> [ACTION ITEM]: Output the data below only from the line containing "St. Regis Shenzhen" up to and including the line containing "17280円 [並行輸入品] BALMUDA Phone バルミューダフォン ブラック", exact and with the pictures left out.

> [INFORMATION GIVEN]:
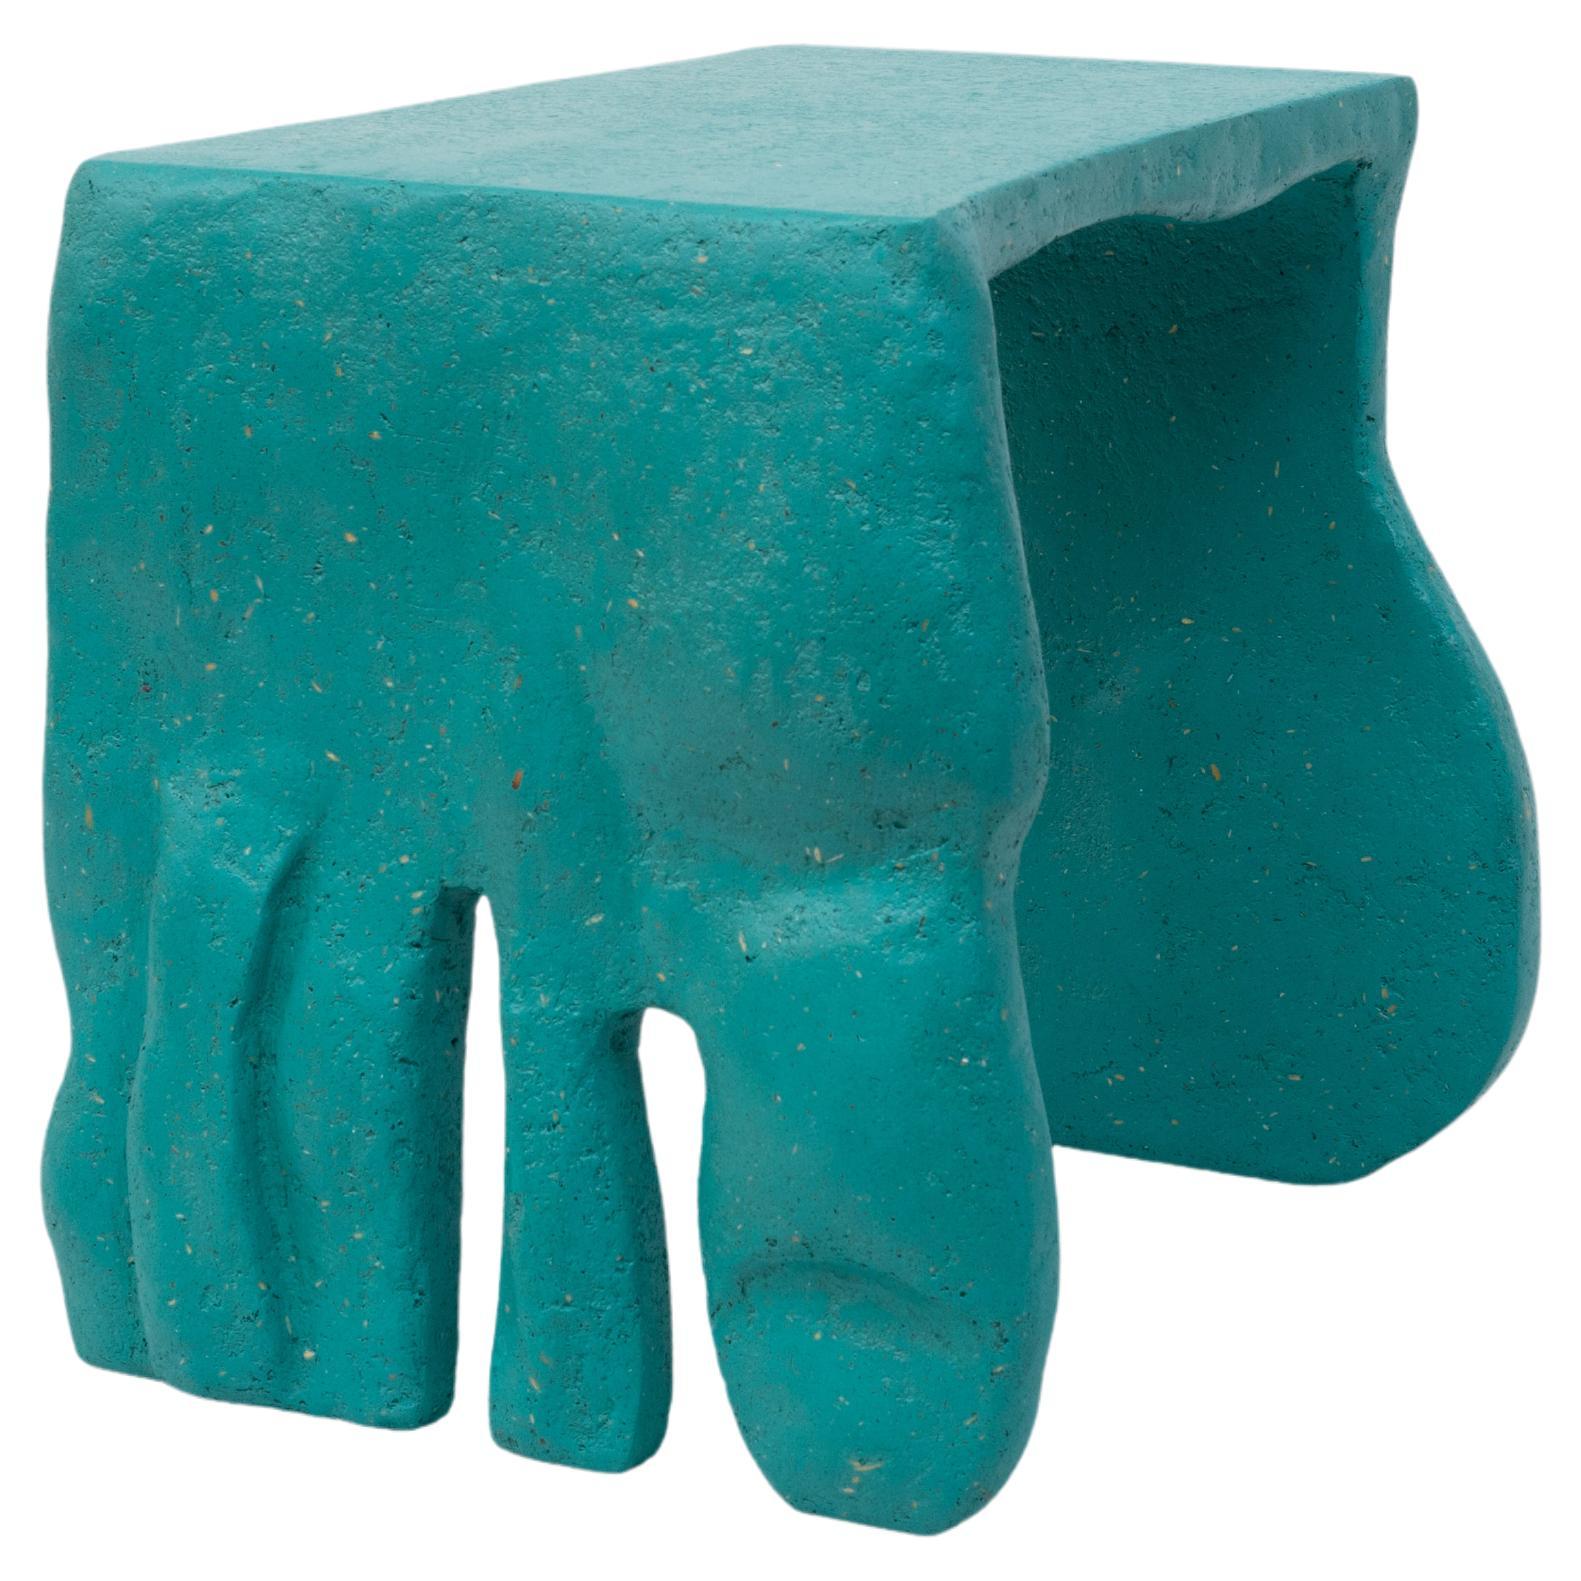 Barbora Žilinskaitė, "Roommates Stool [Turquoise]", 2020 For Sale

---

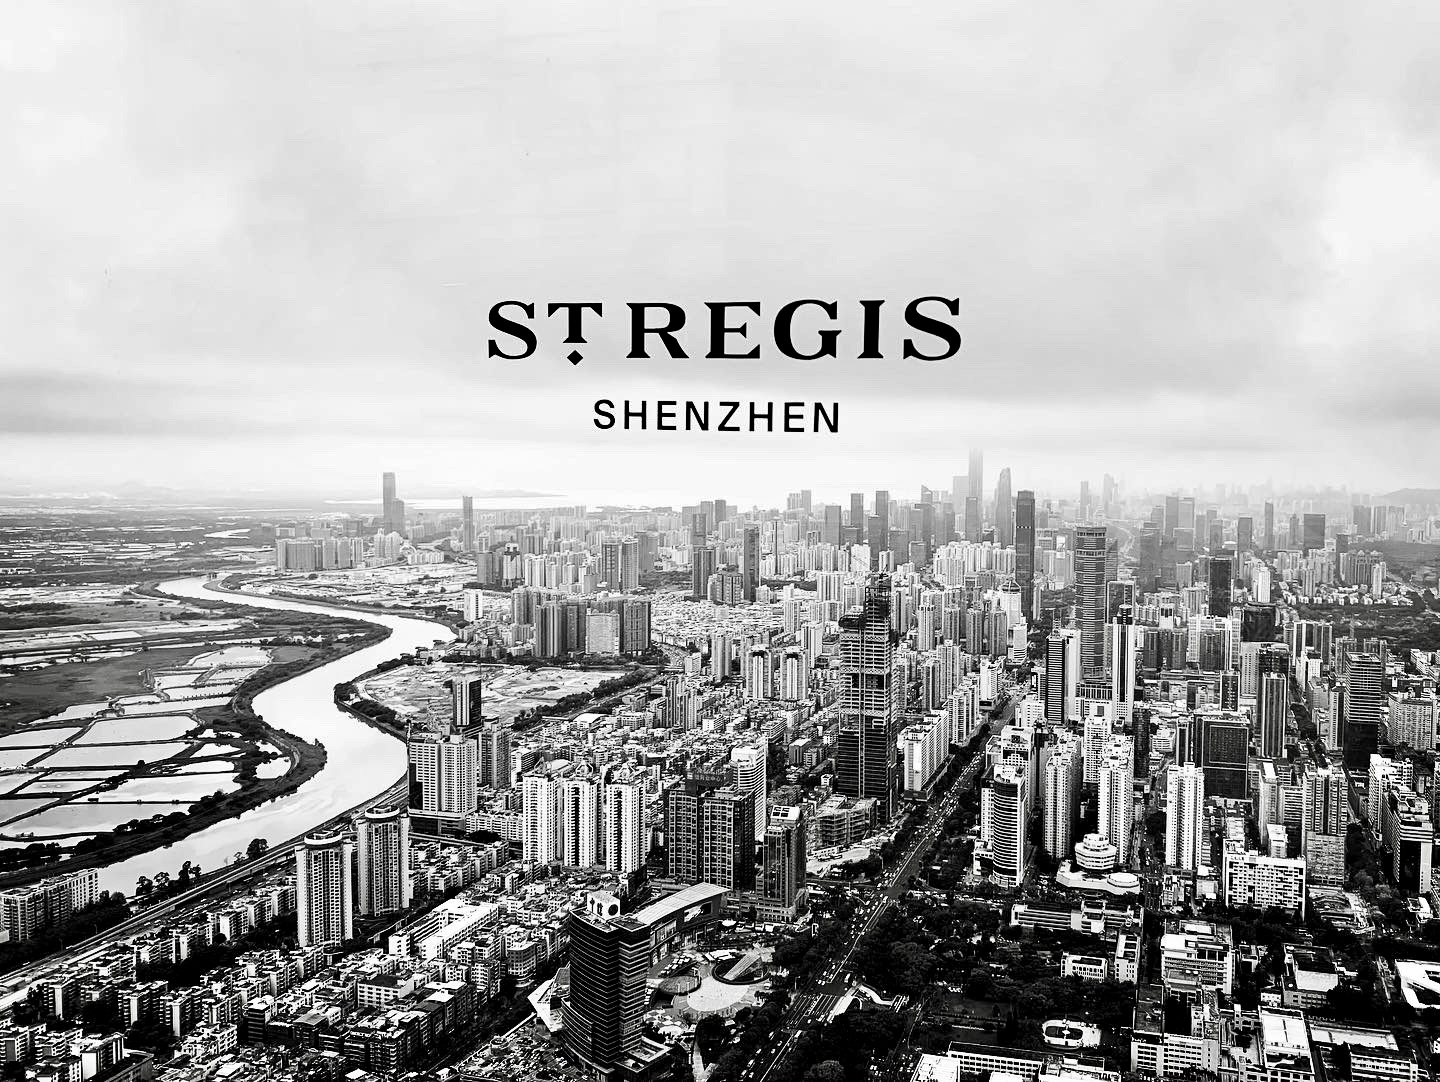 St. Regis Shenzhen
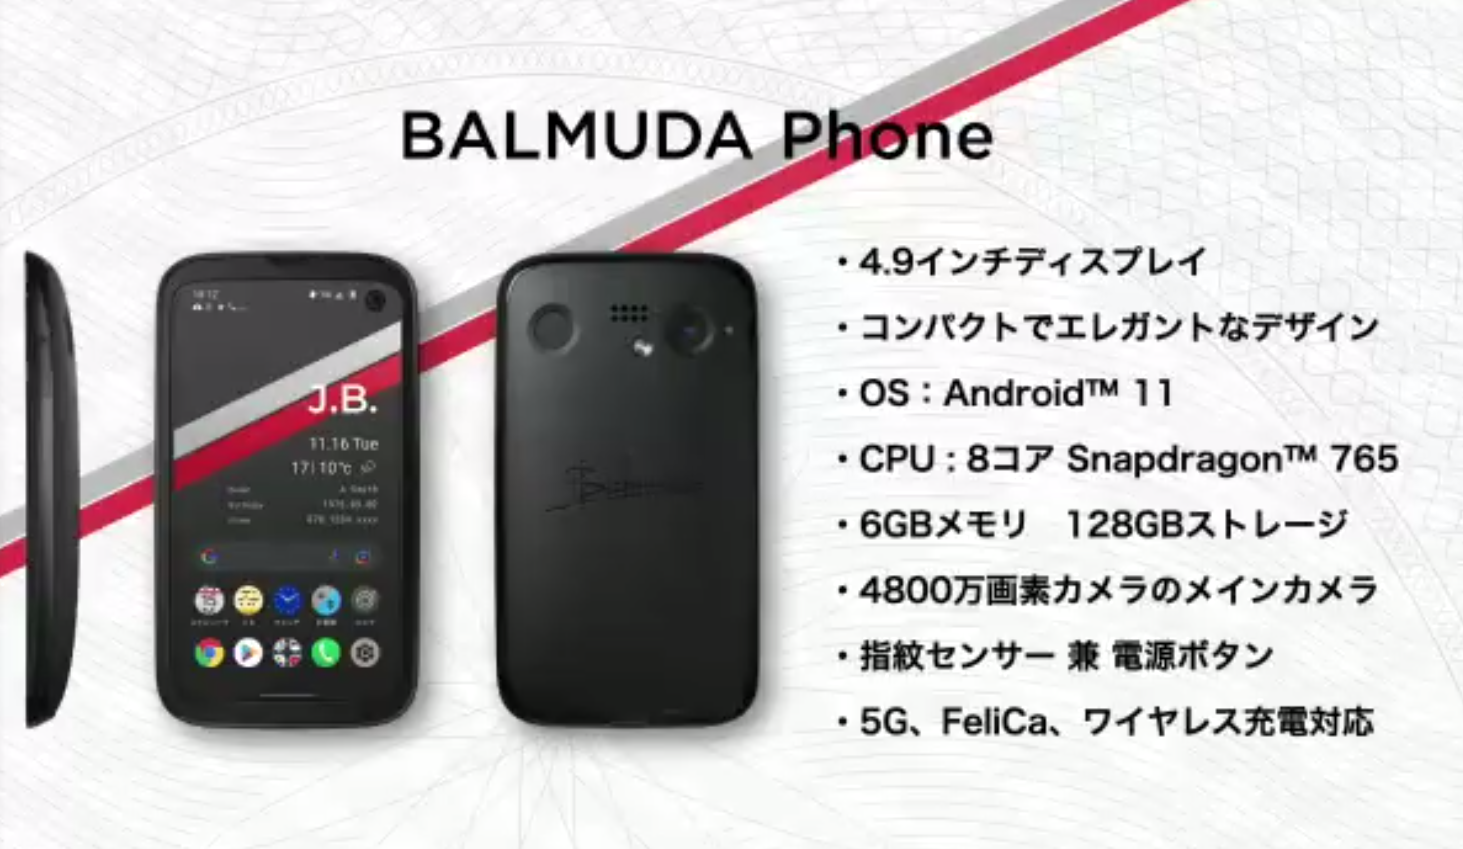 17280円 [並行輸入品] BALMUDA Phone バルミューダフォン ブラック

> [OUTPUT FOR THIS EXERCISE]:
 St. Regis Shenzhen
 17280円 [並行輸入品] BALMUDA Phone バルミューダフォン ブラック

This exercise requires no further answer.